Но утешения г-жи Трихтер не могли прогнать облако печали, с каждым часом все сильнее омрачавшее прекрасное лицо Фредерики.
Ночью она не смогла уснуть и, опустив стекла кареты, чтобы ветерок хоть немного освежил ее пылающий лоб, все смотрела, как черные призраки деревьев бегут вдоль обочины дороги.
На следующий день около четверти одиннадцатого она вдруг почувствовала, что ее сердце мучительно сжимается. Она содрогнулась, словно от сильнейшего, хоть и необъяснимого потрясения.
Это произошло в то самое мгновение, когда в прусском посольстве граф фон Эбербах швырнул перчатку в лицо Лотарио.
Таинственная чуткость любящей души! Это невыразимое страдание Фредерика испытывала до самой ночи, то есть до часа дуэли.
Потом ей показалось, что лихорадка вдруг отпустила ее и бешеное сердцебиение унялось, как будто все было кончено.
Фредерика впала в какое-то полуобморочное состояние, из которого ее внезапно вывела г-жа Трихтер.

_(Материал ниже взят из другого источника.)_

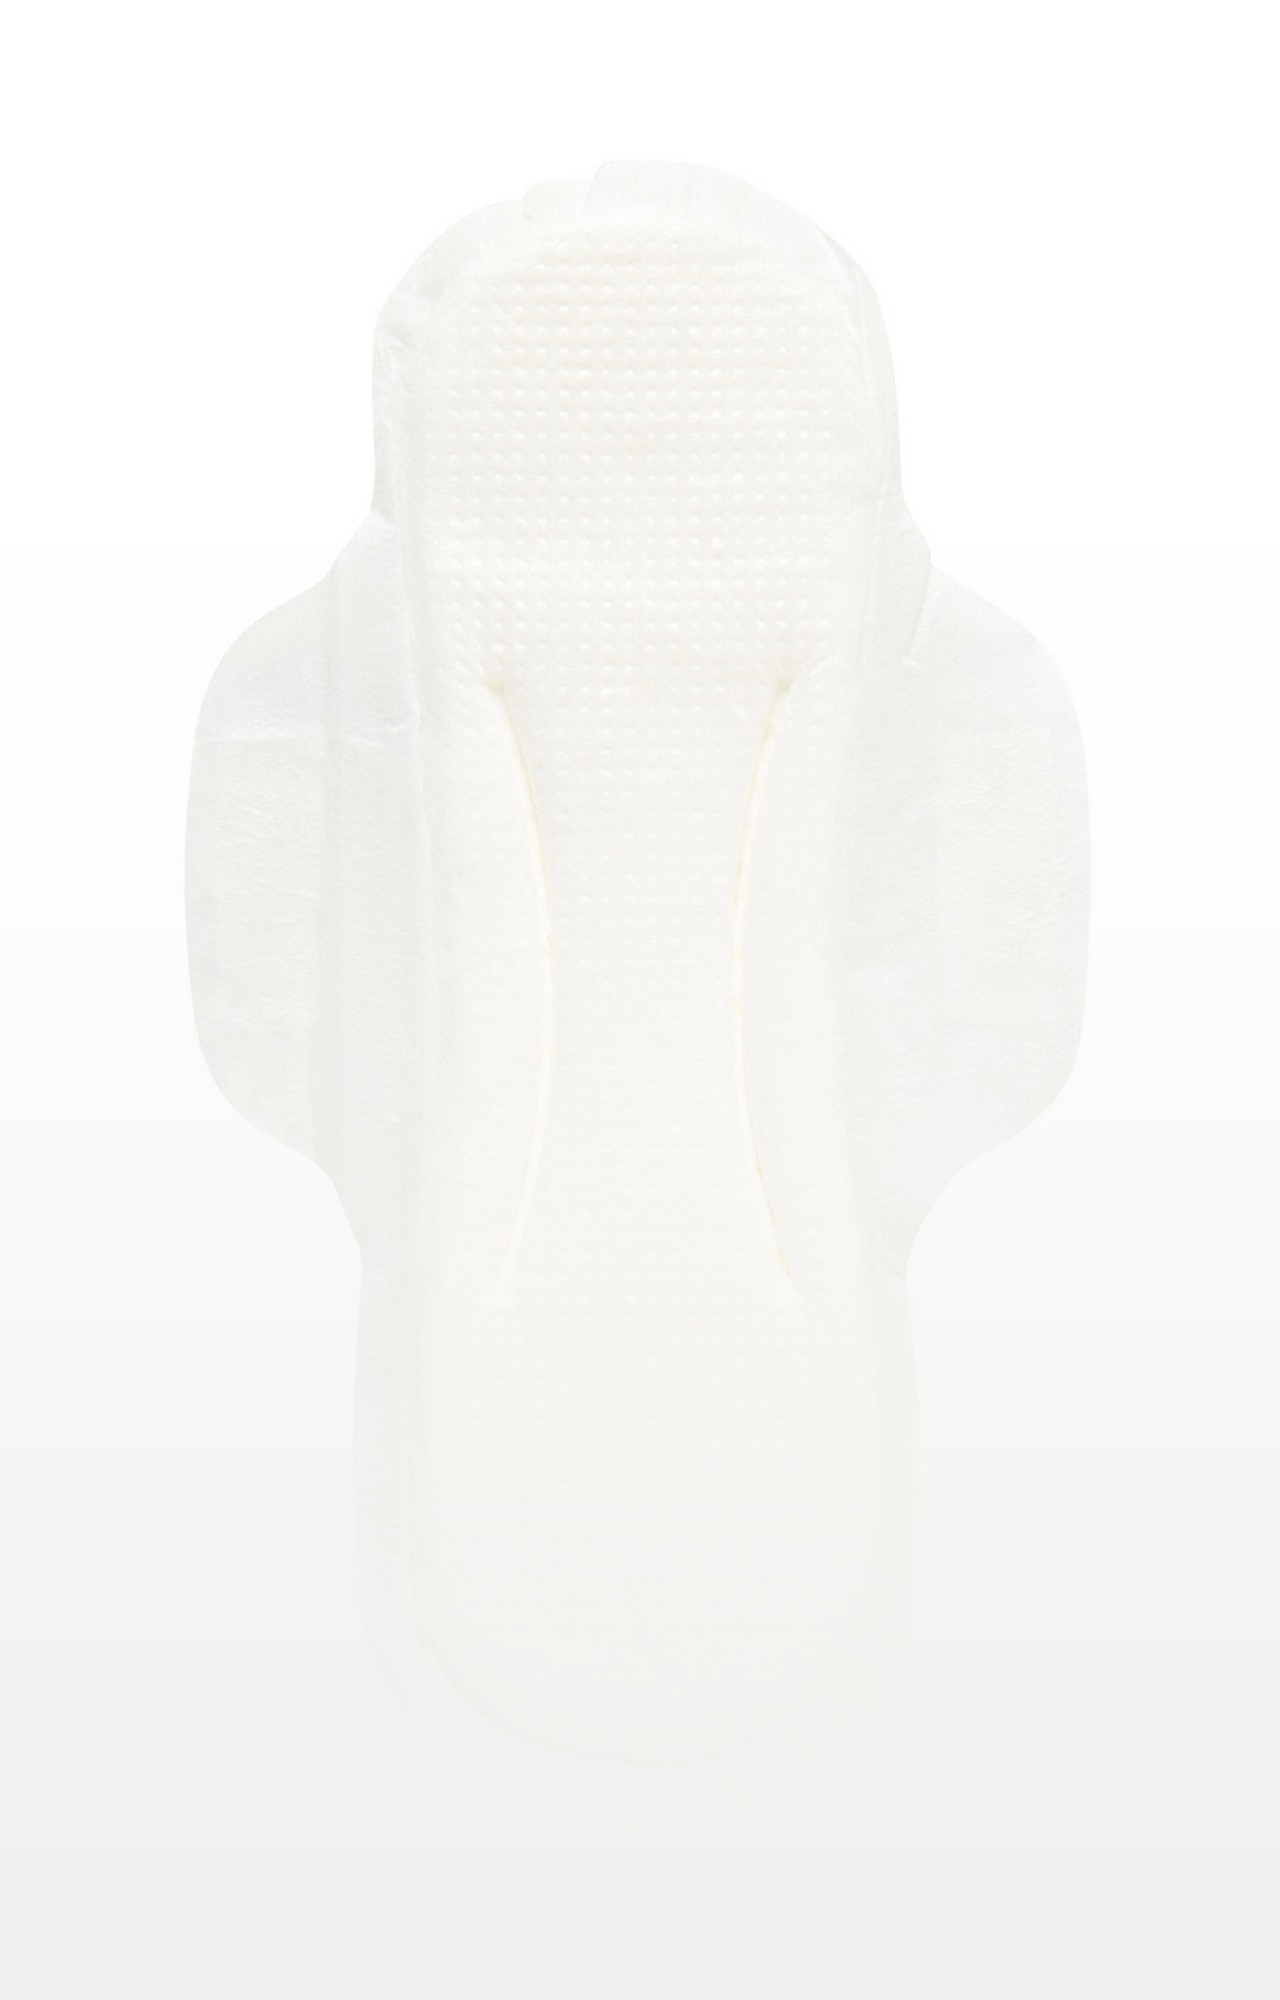 Mothercare | White Maternity Towels with Wings - Pack of 24 1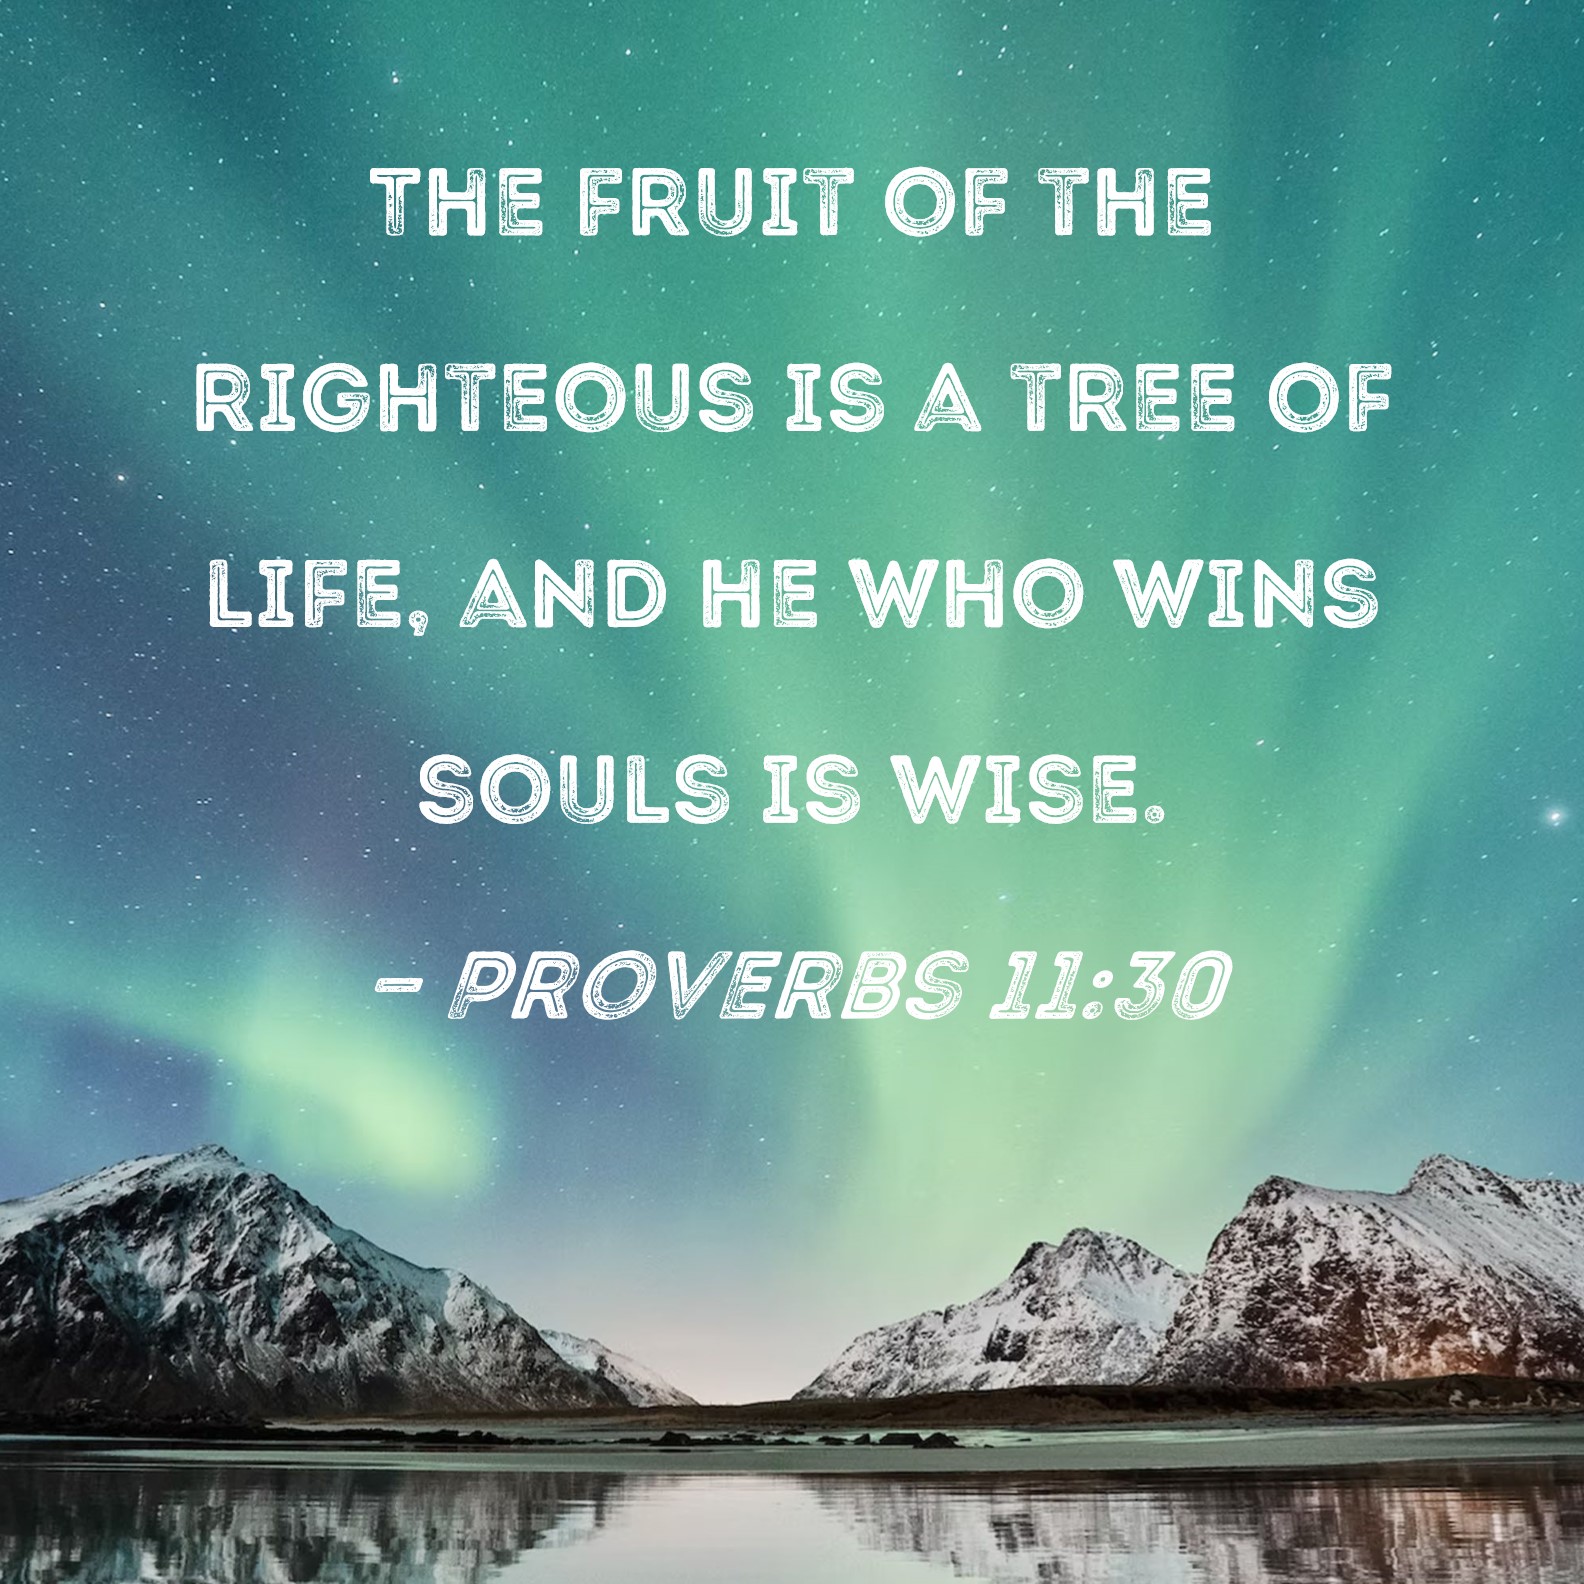 proverbs-11-30-the-fruit-of-the-righteous-is-a-tree-of-life-and-he-who-wins-souls-is-wise

Она будила ее, говоря:
– Пора выходить. Мы приехали.
Почтовая карета и в самом деле успела въехать в Страсбург и остановиться у подъезда гостиницы «Солнце», которую Самуил выбрал для Фредерики и в которой они должны были встретиться.
Самуила там не было. Но это не означало, что он опаздывал. Он обещал прибыть не раньше вечера или ночью.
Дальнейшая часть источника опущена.